* _Task to carry out_
Leaving the pictures aside, return all of the data below exactly.

* _Source data_
== Segment start ==
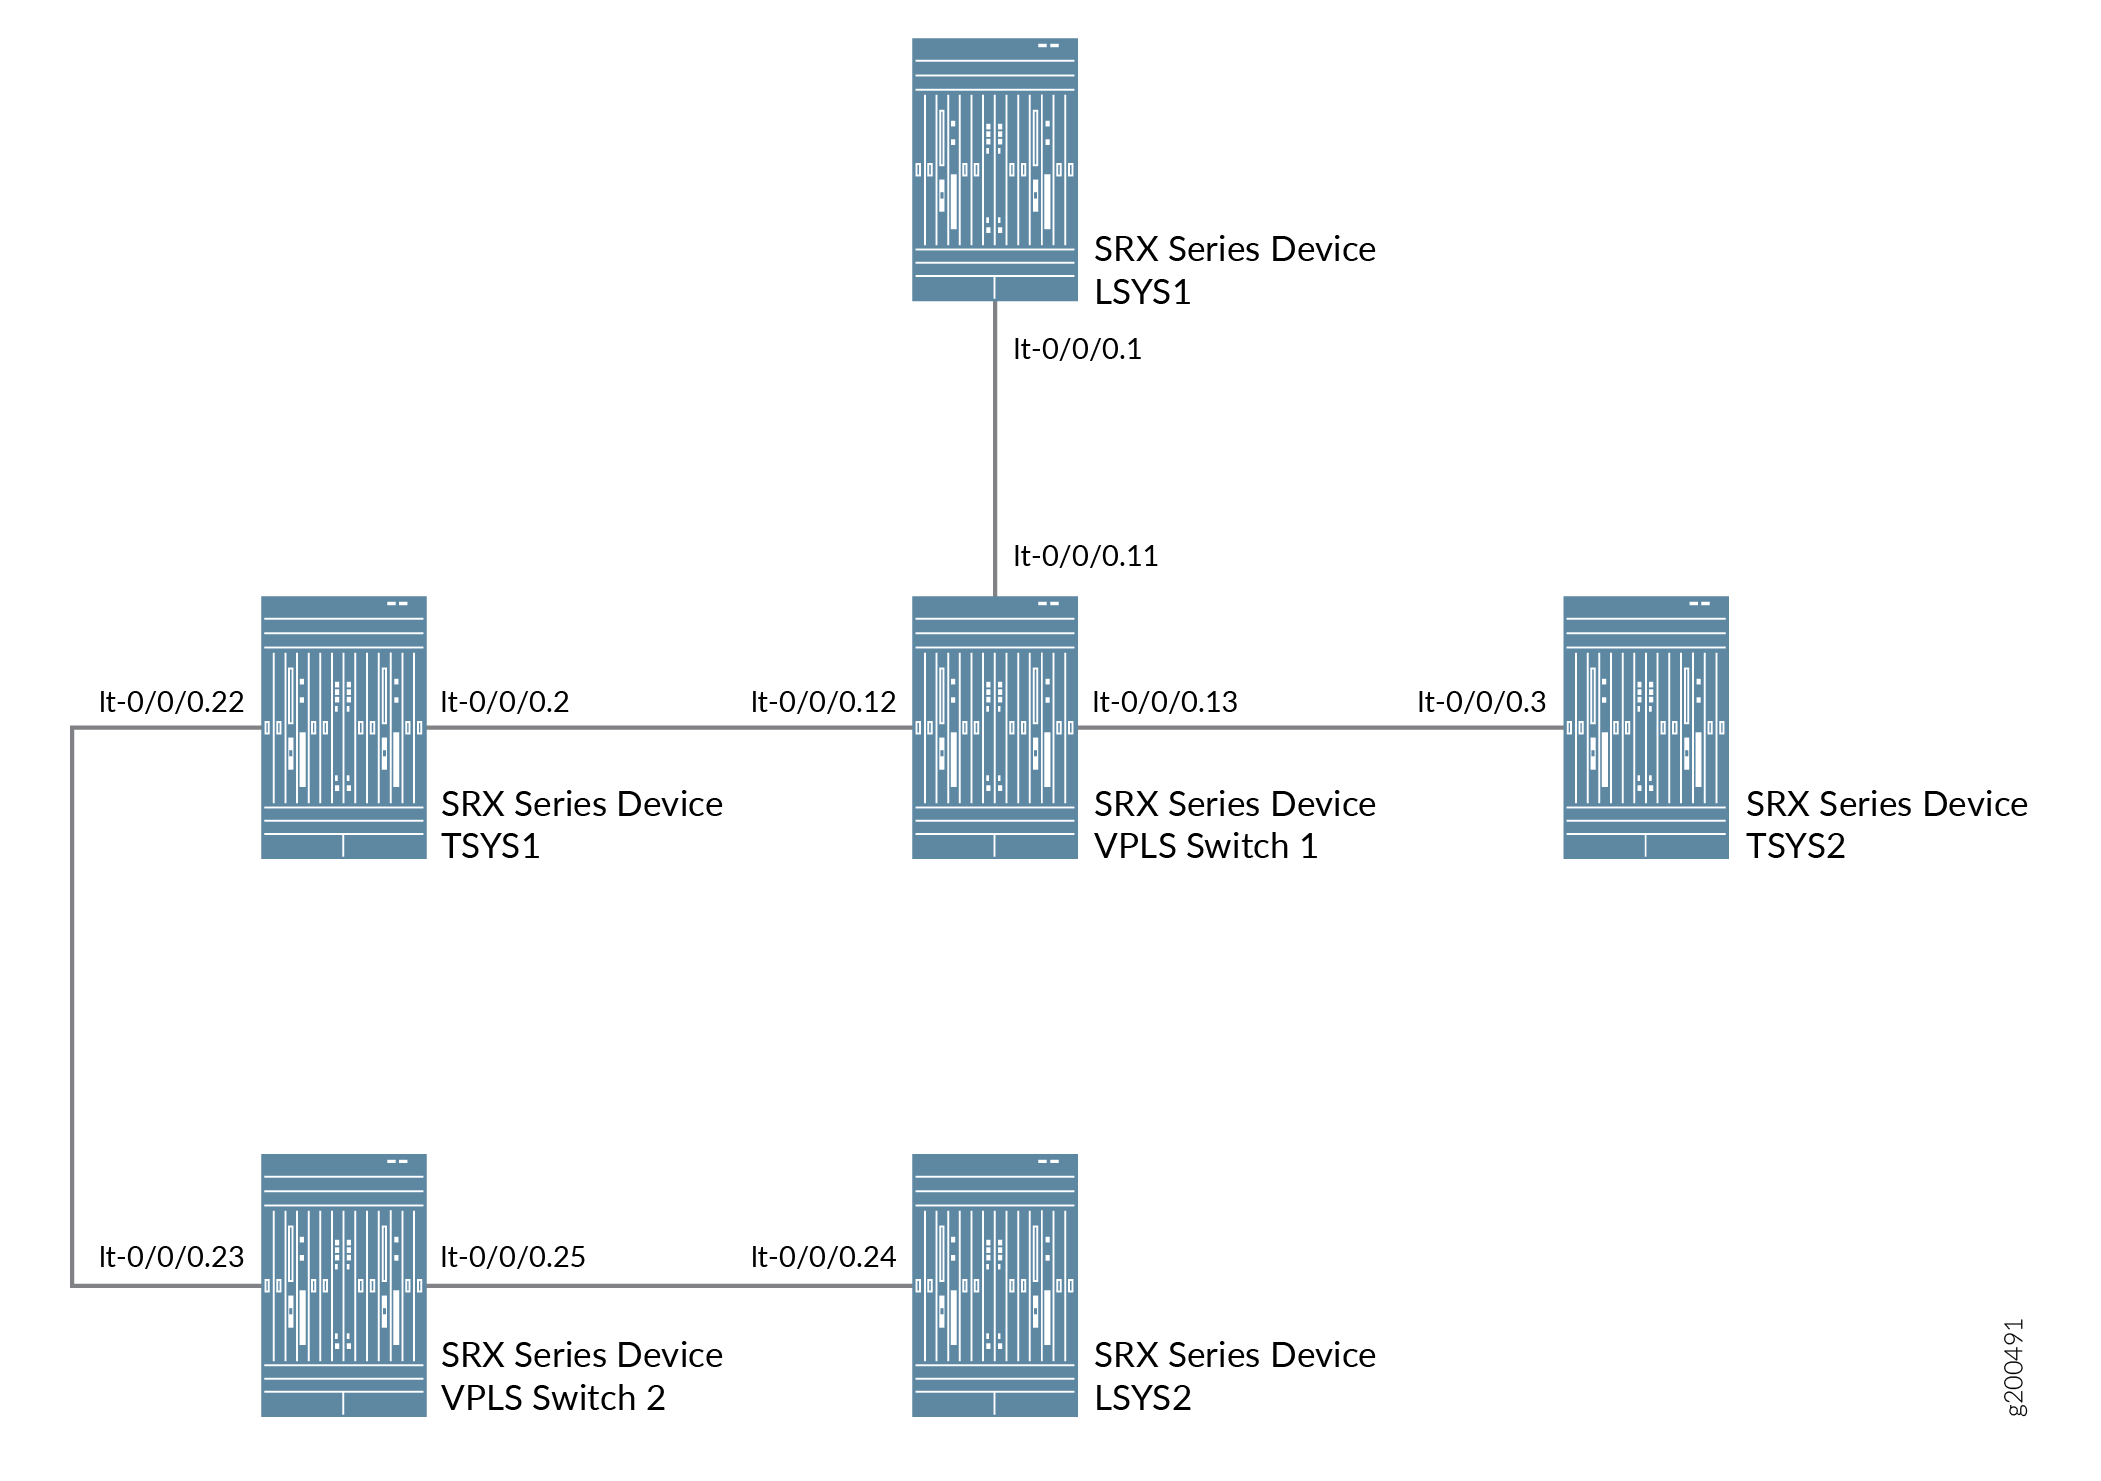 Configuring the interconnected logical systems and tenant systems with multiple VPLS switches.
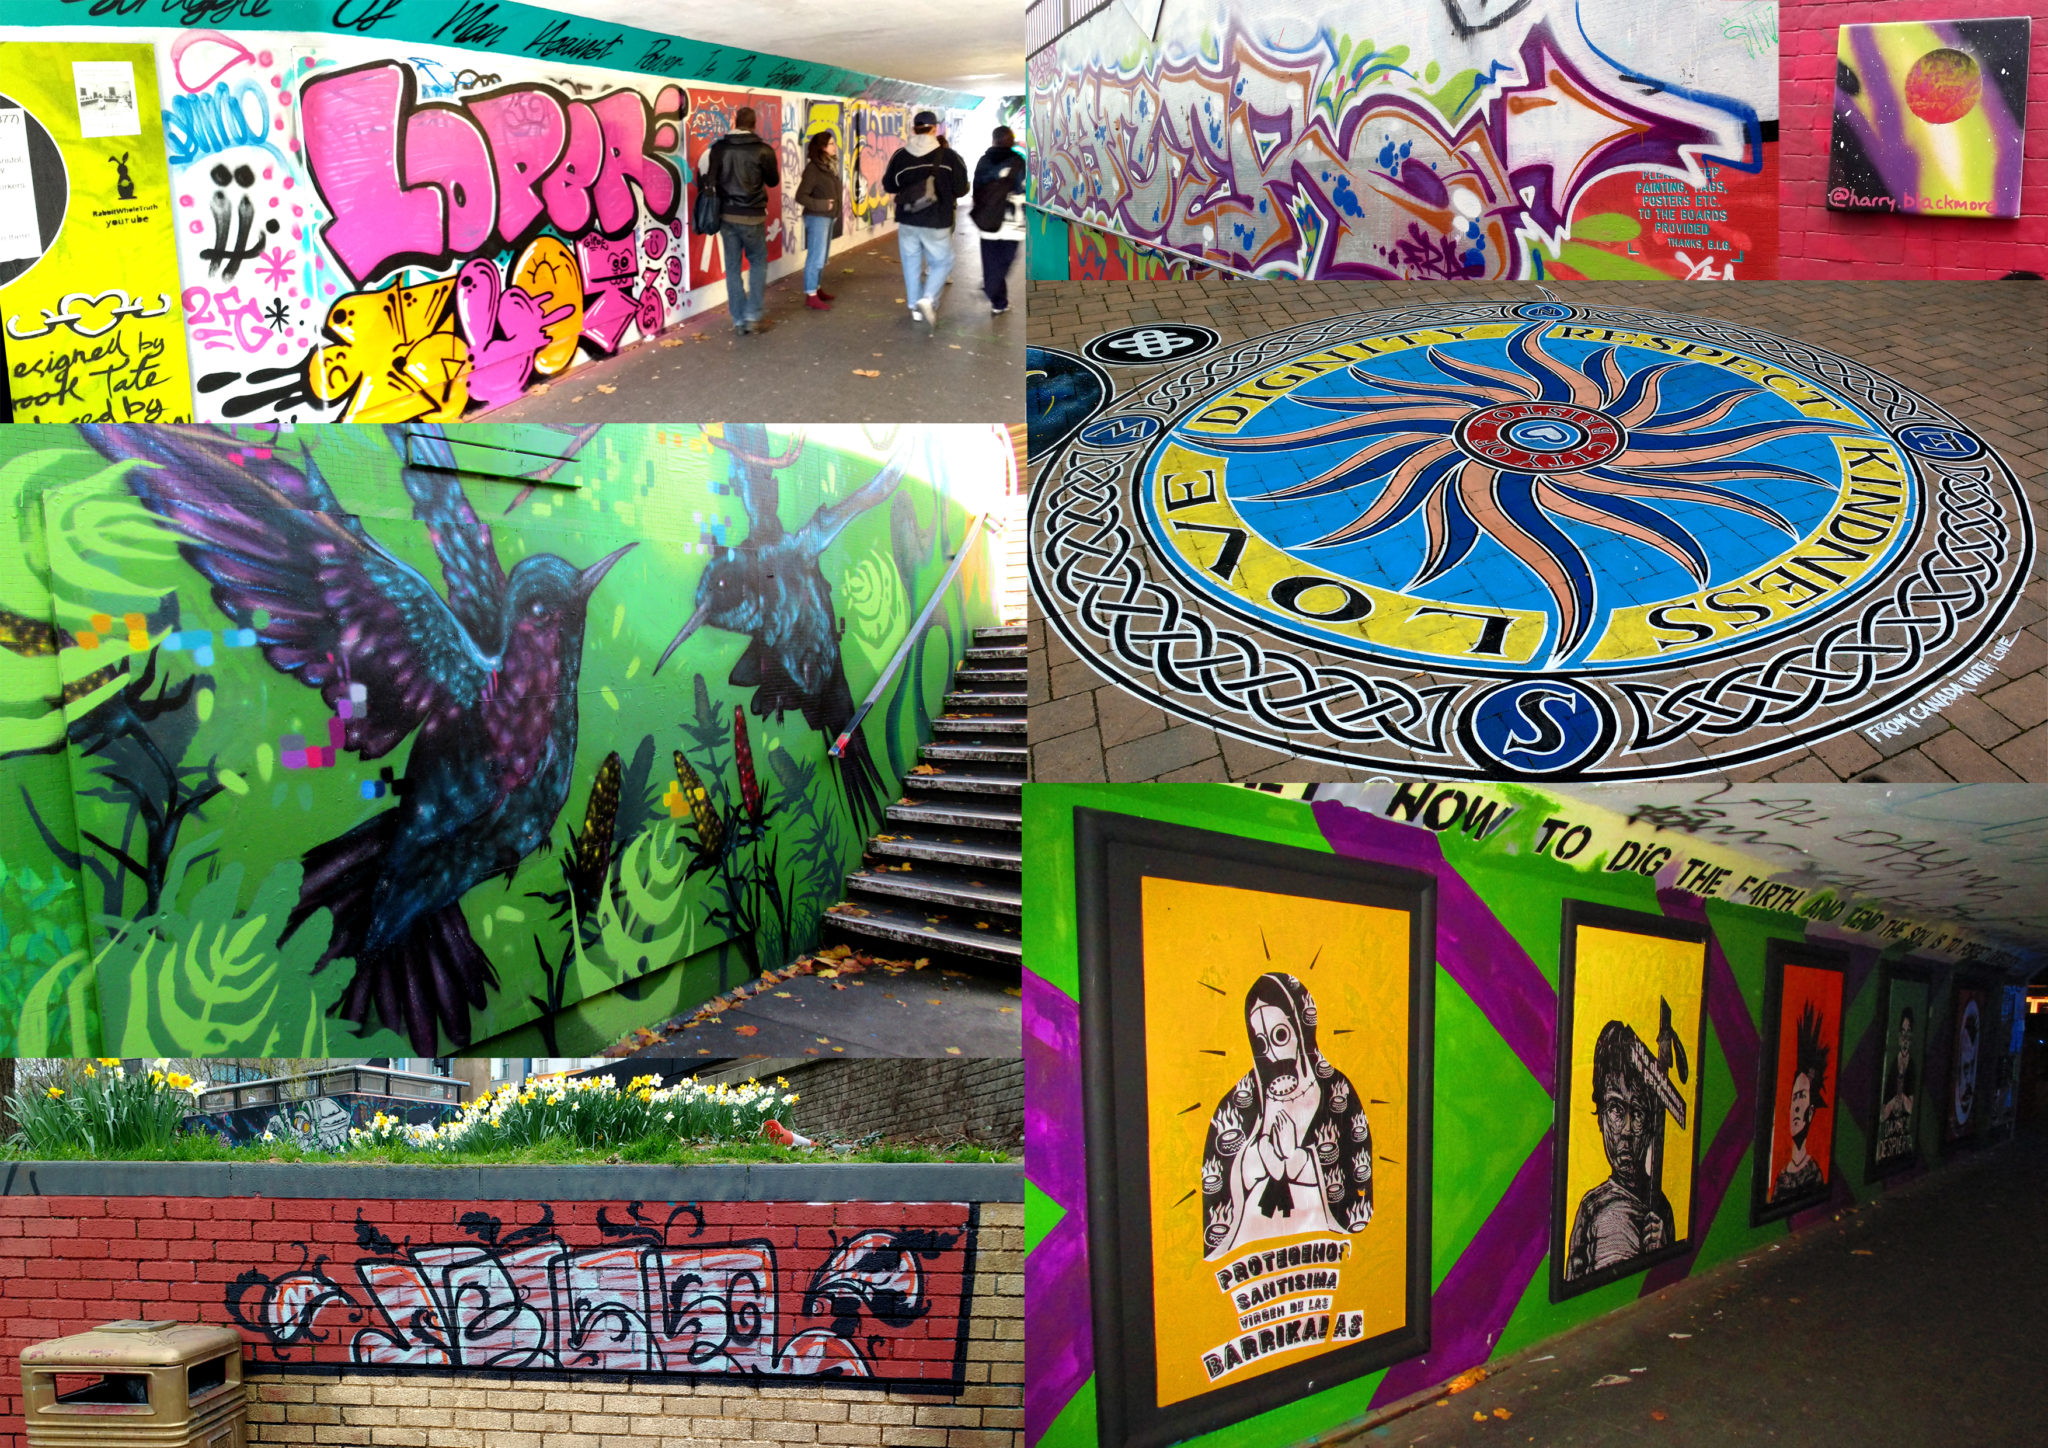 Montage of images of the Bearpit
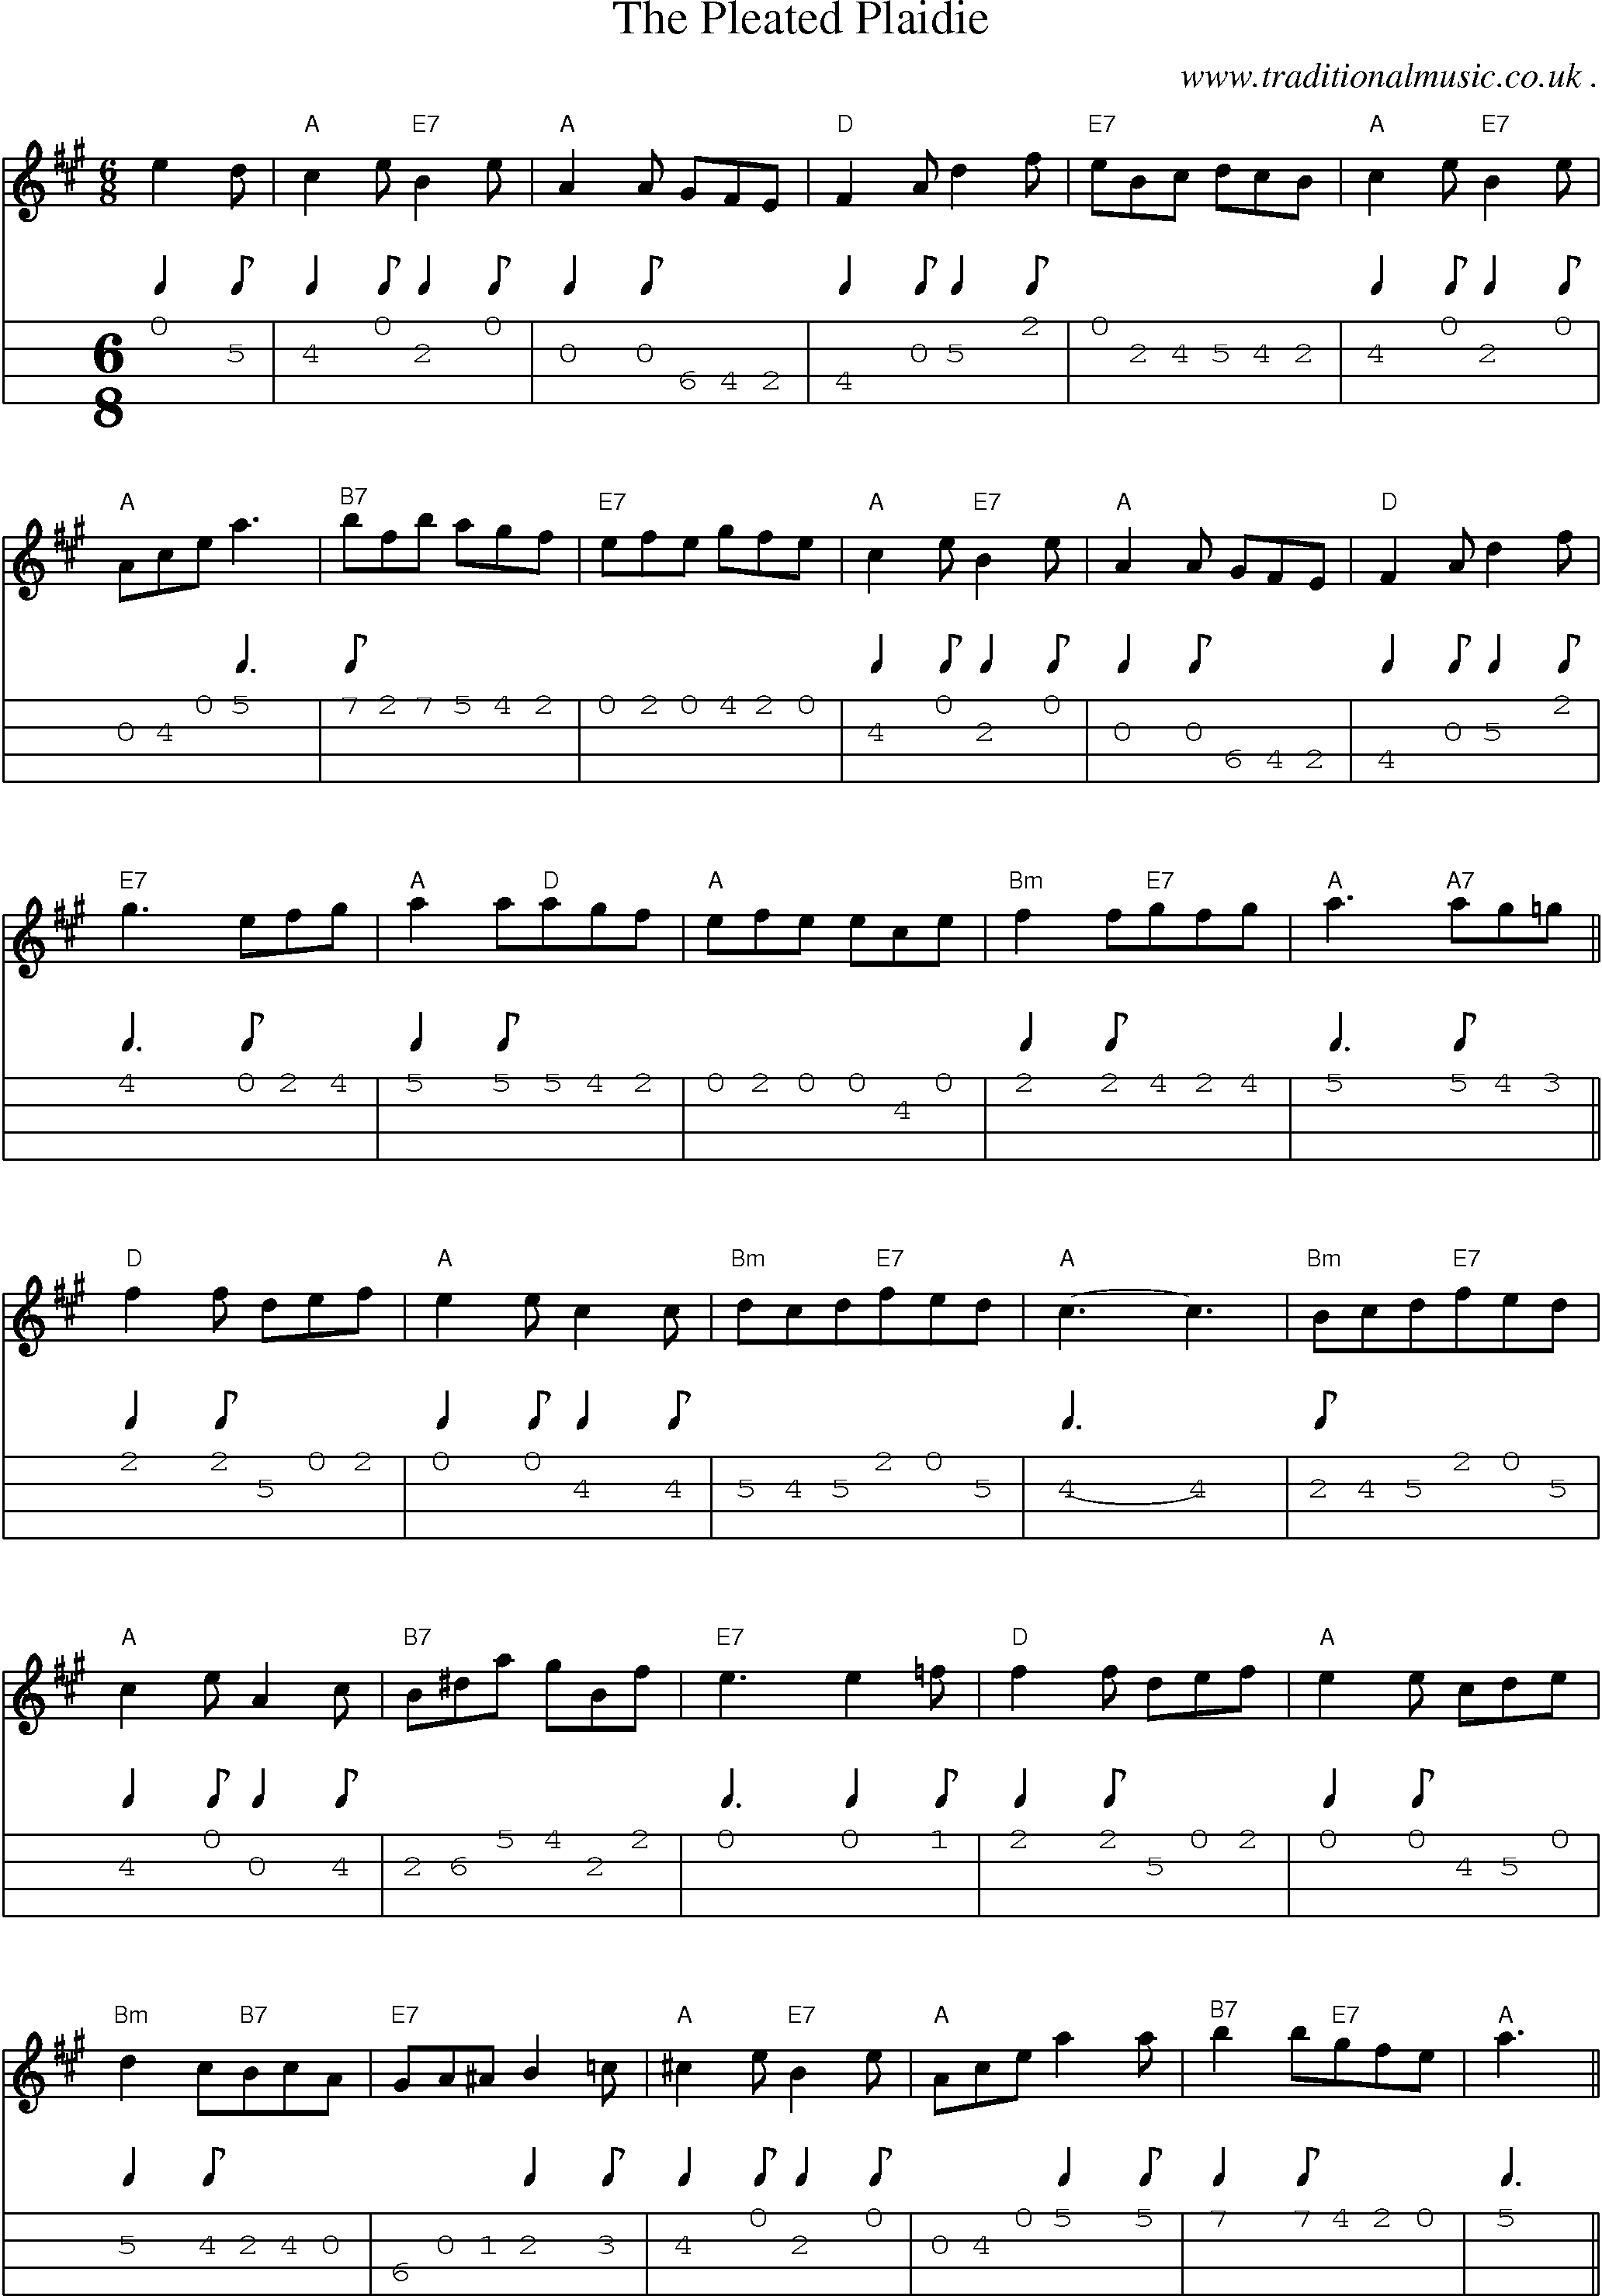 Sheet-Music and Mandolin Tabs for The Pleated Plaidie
== Segment end ==
* _Exercise result_
 Configuring the interconnected logical systems and tenant systems with multiple VPLS switches.
 Montage of images of the Bearpit
 Sheet-Music and Mandolin Tabs for The Pleated Plaidie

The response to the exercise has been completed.